We are gathering ballots on the Borrowing Amendment. Approval by homeowners would give the Association the option of offering homeowners either a time payment plan or a lump-sum special assessment in the event of a large capital expenditure. Without the Borrowing Amendment, the only option is a lump sum payment of the special assessment.
This does not have to be completed tonight. In our declaration, there is no borrowing amendment. This is no way influences the ability or the intent of the BOD to levy a special assessment. Discussing this does not mean you are going to have a special assessment. Even if Bldg B turns out to be totally fine, Tim recommends that every Association have a borrowing amendment. Condos under newer WA State laws automatically include Borrowing Amendments. It was not included in standard legal documents for condos established in 1989, like Marymoor Trails.

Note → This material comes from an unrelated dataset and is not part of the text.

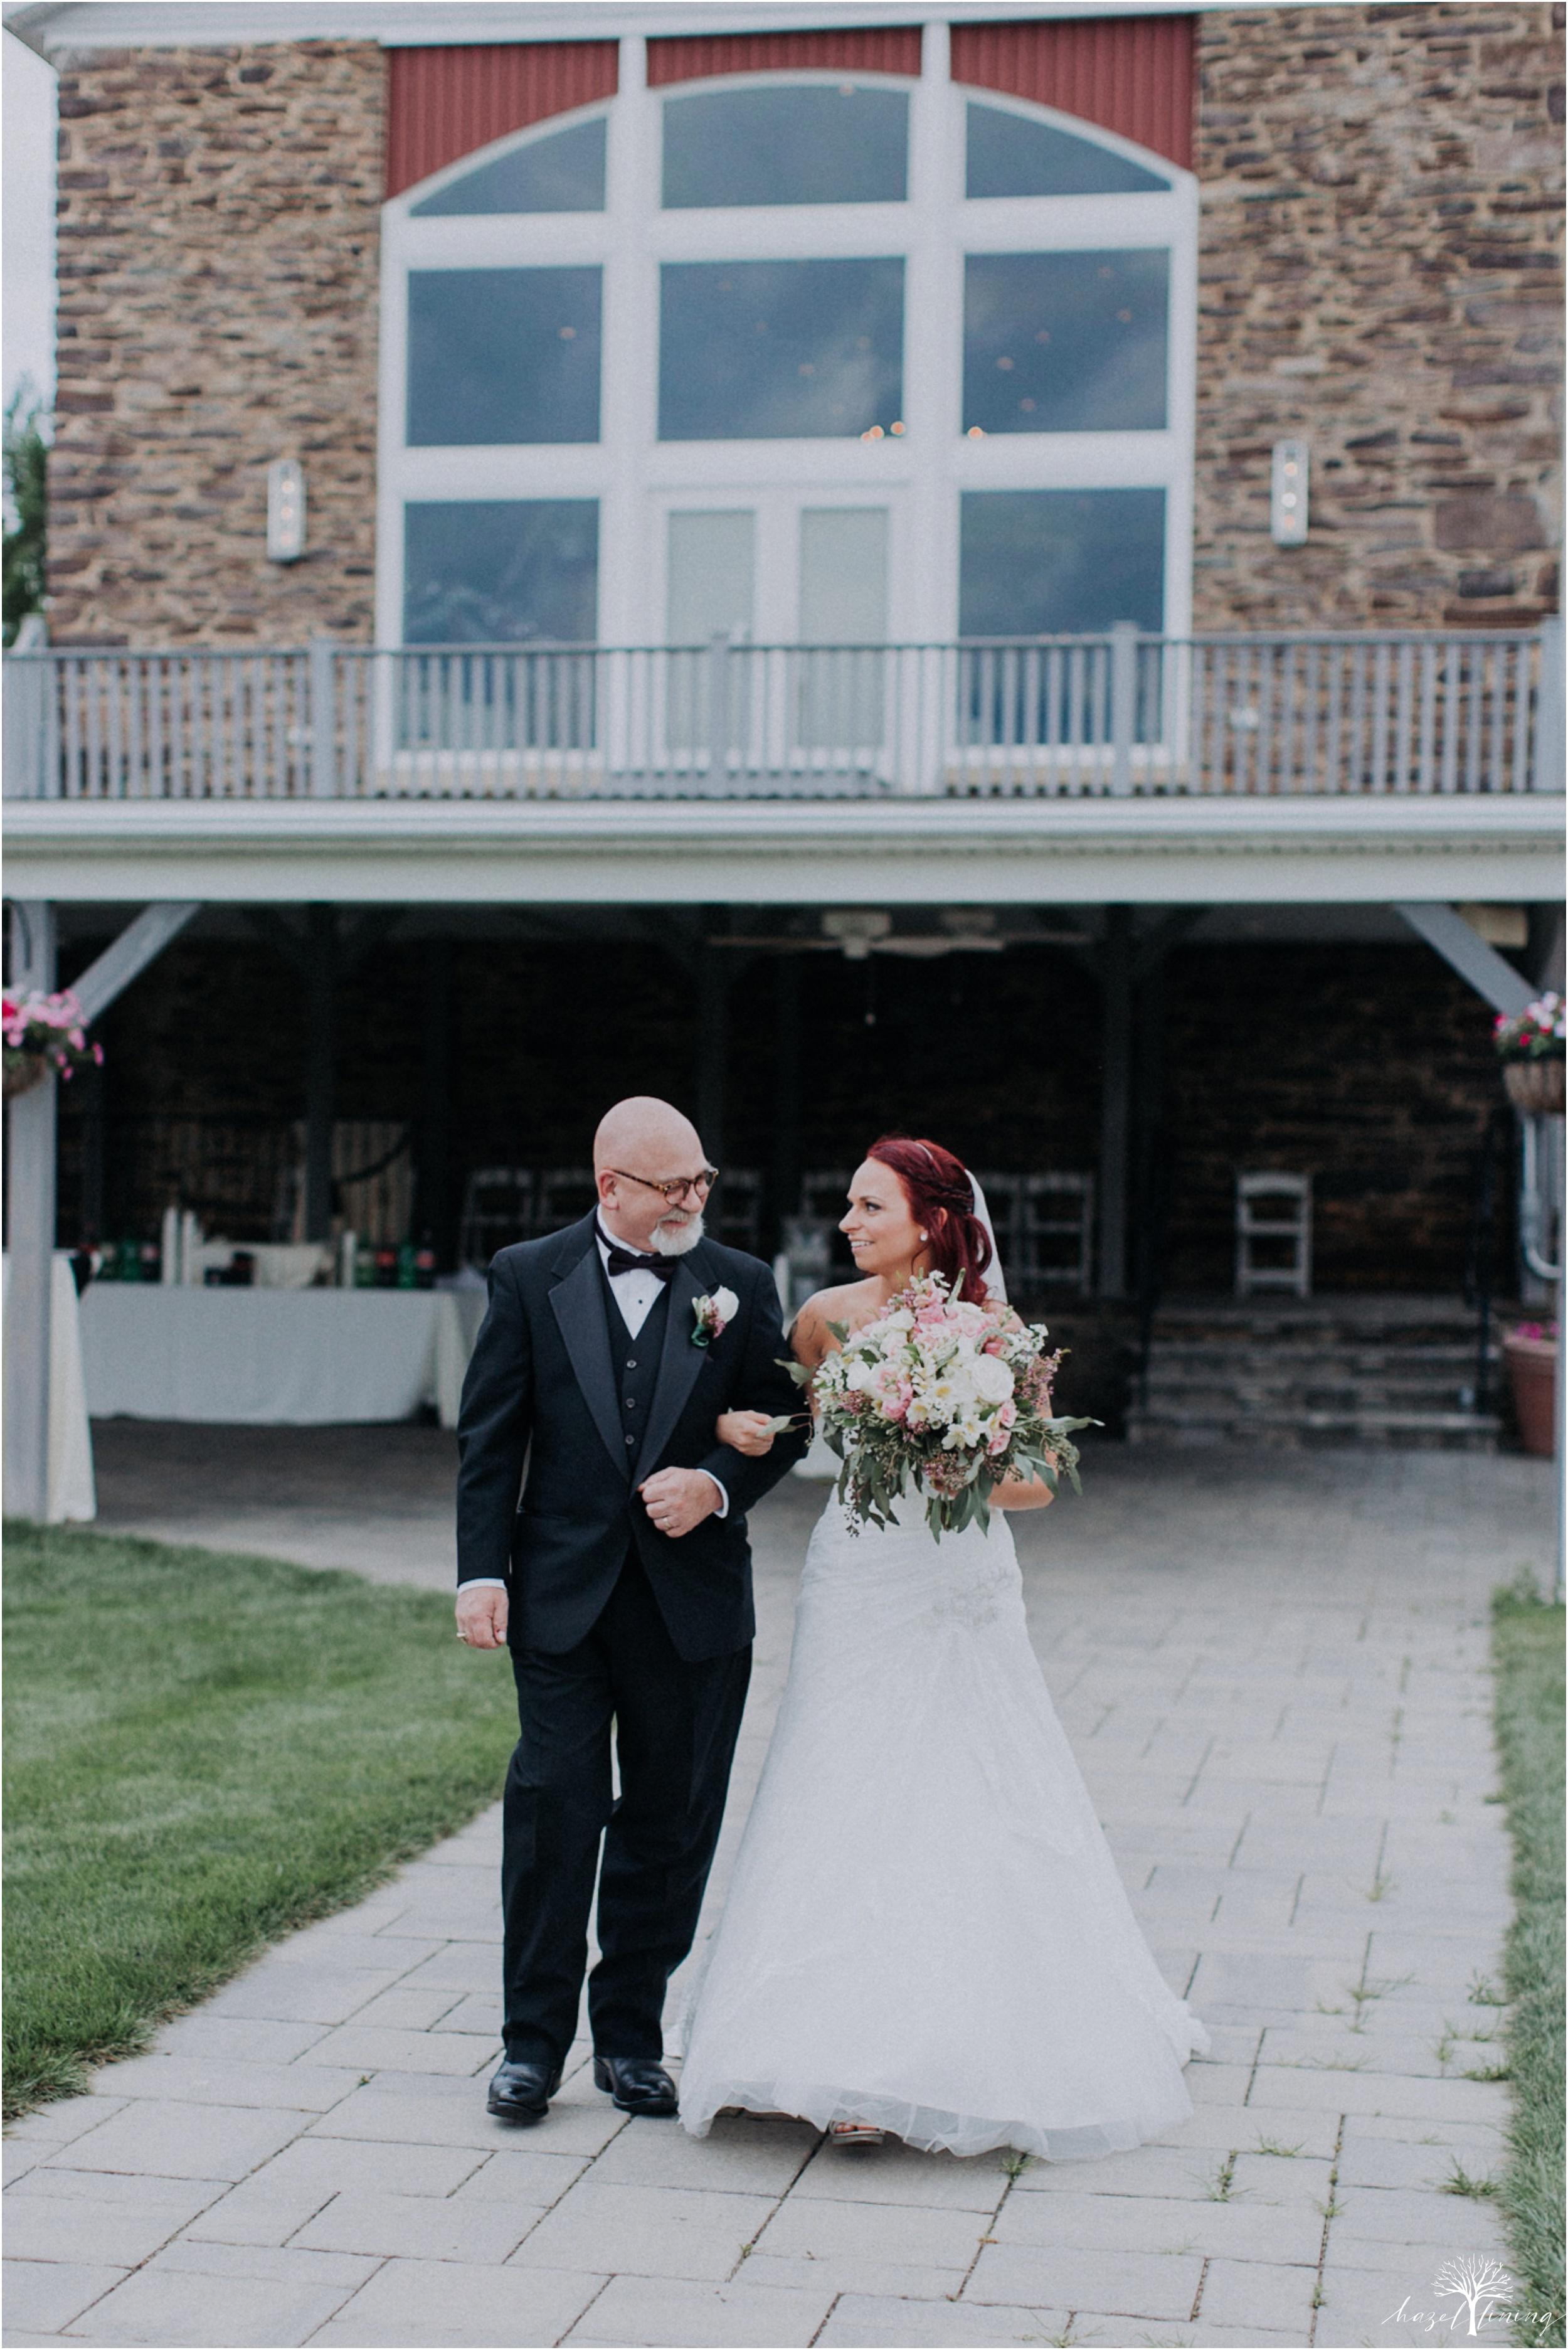 alyssa-james-stiteler-wedding-loft-and-sweet-water-cc-pennsburg-pennsylvania-hazel-lining-travel-wedding-elopement-photography_0049.jpg
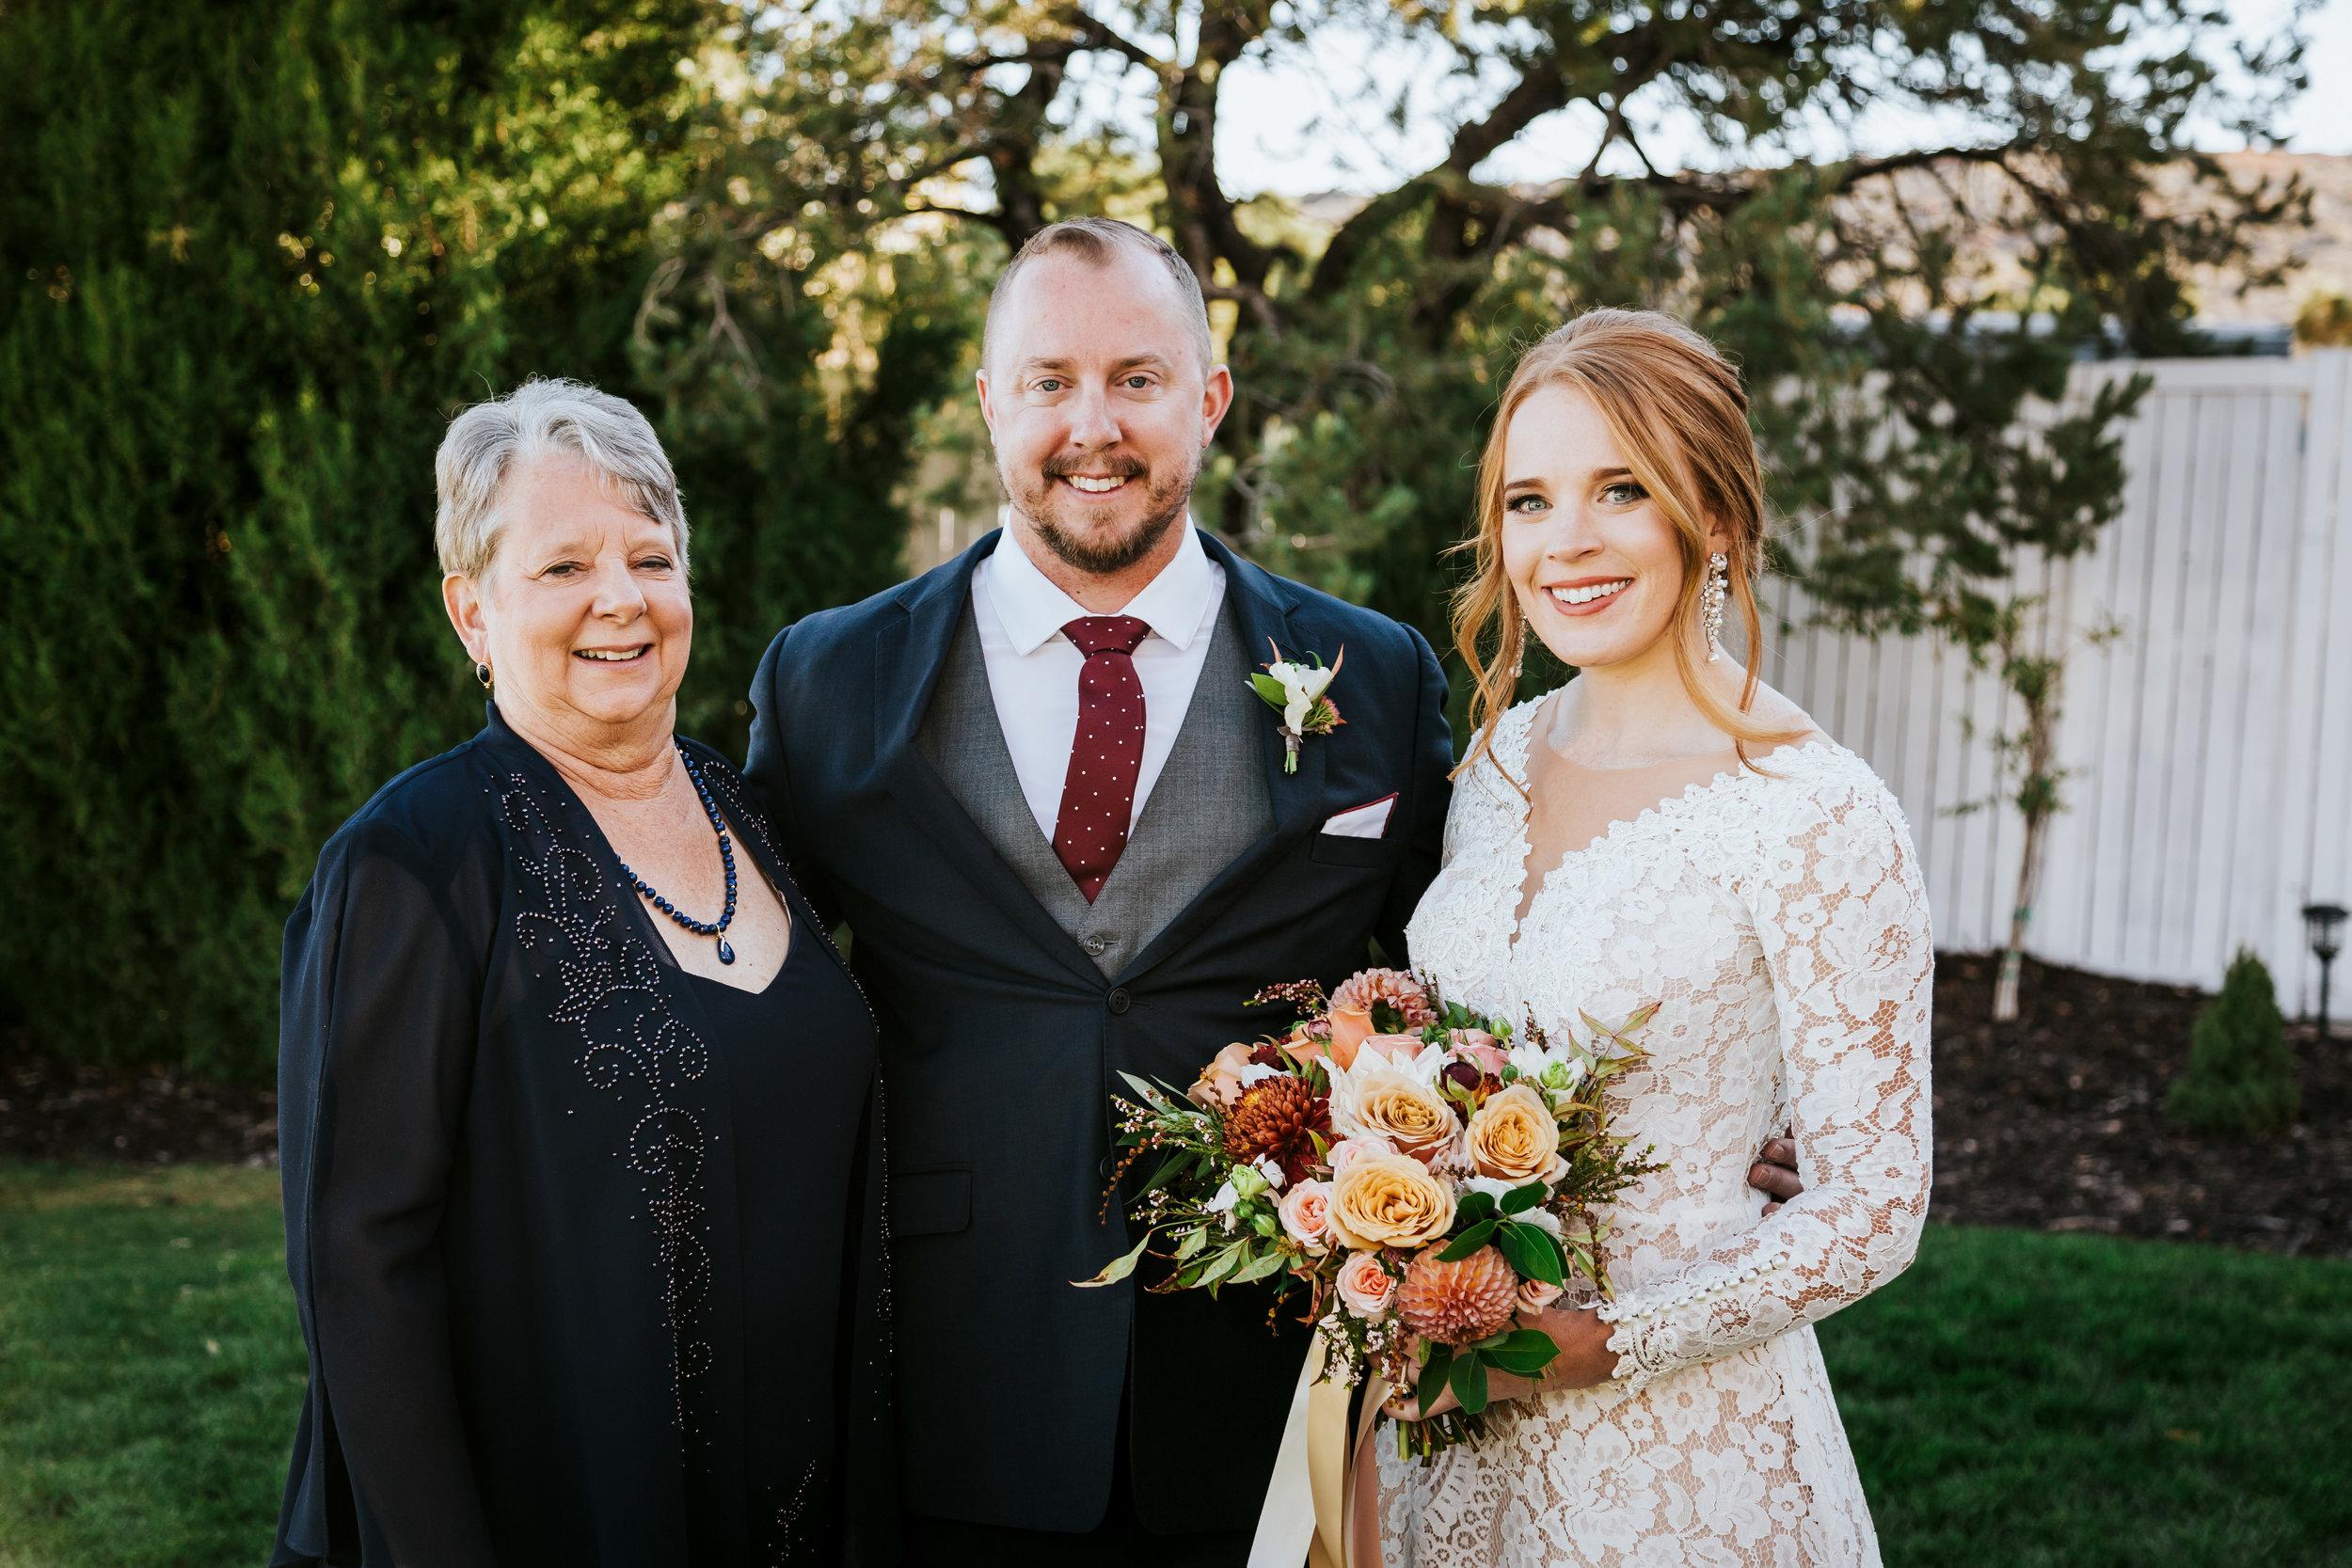 Laura Brett Denver Wedding Manor House Group Photos-106.JPG

What is it? This enables the Board to borrow money from a bank, and spread your payments out. Without the borrowing amendment, you can either go to the bank yourself, or pay a lump sum. This puts a third option on the table – the Association acquires money on your behalf and spreads the payment out over a period like 10 years. If you do opt to pay the lump sum, you pay no interest, because they are not using the HOA loan. All the costs of the loan are paid by those using the loan – if you pay lump sum, you do not pay those loan costs. It is in your benefit to be able to pay it off in a lump sum.
This is a third option for a owner who cannot get a home equity line of credit and does not have a large lump sum sitting around. You can pay it off early. For example, pay it for two years and pay off the balance when you come into money. What you can’t do is pay $100 extra ahead each month like you can against your mortgage principal. If a unit with a loan is sold, it is paid off when they sell – the interest stops at that point. Tim had Owner Consent Forms for peoples who have not handed in theirs in.
Van volunteers to serve another term on the Board – we gratefully accept it. He has done an excellent job with Landscape.
Volunteering: Are you a self-motivated person who identifies a problem on our property and wants to do it? If you want to help, you don’t have to join the Board, just help with a project. You don’t have to be a Board member to contribute. If you have an idea, meet with the Board, and get buy-in. Examples of projects that came up tonight with great suggestions included: (1) learn timing of sprinklers; (2) website help; (3) signs pointing to buildings; (4) snow shovels , for example. We welcome any help.
Approval of IRS Form 70-604
Per the IRS, this form states that if you have a budget surplus for a given year, you are going to roll that over and not pay taxes on it. Tim reads the resolution – unanimously approved and passed. Any excess of membership income shall be applied against subsequent tax year assessments and expenses.
Next Meeting – The next regular Board meeting will be Monday, March 18, 2019 at 6:30PM at the residence of Linda O’Hara – Unit #133.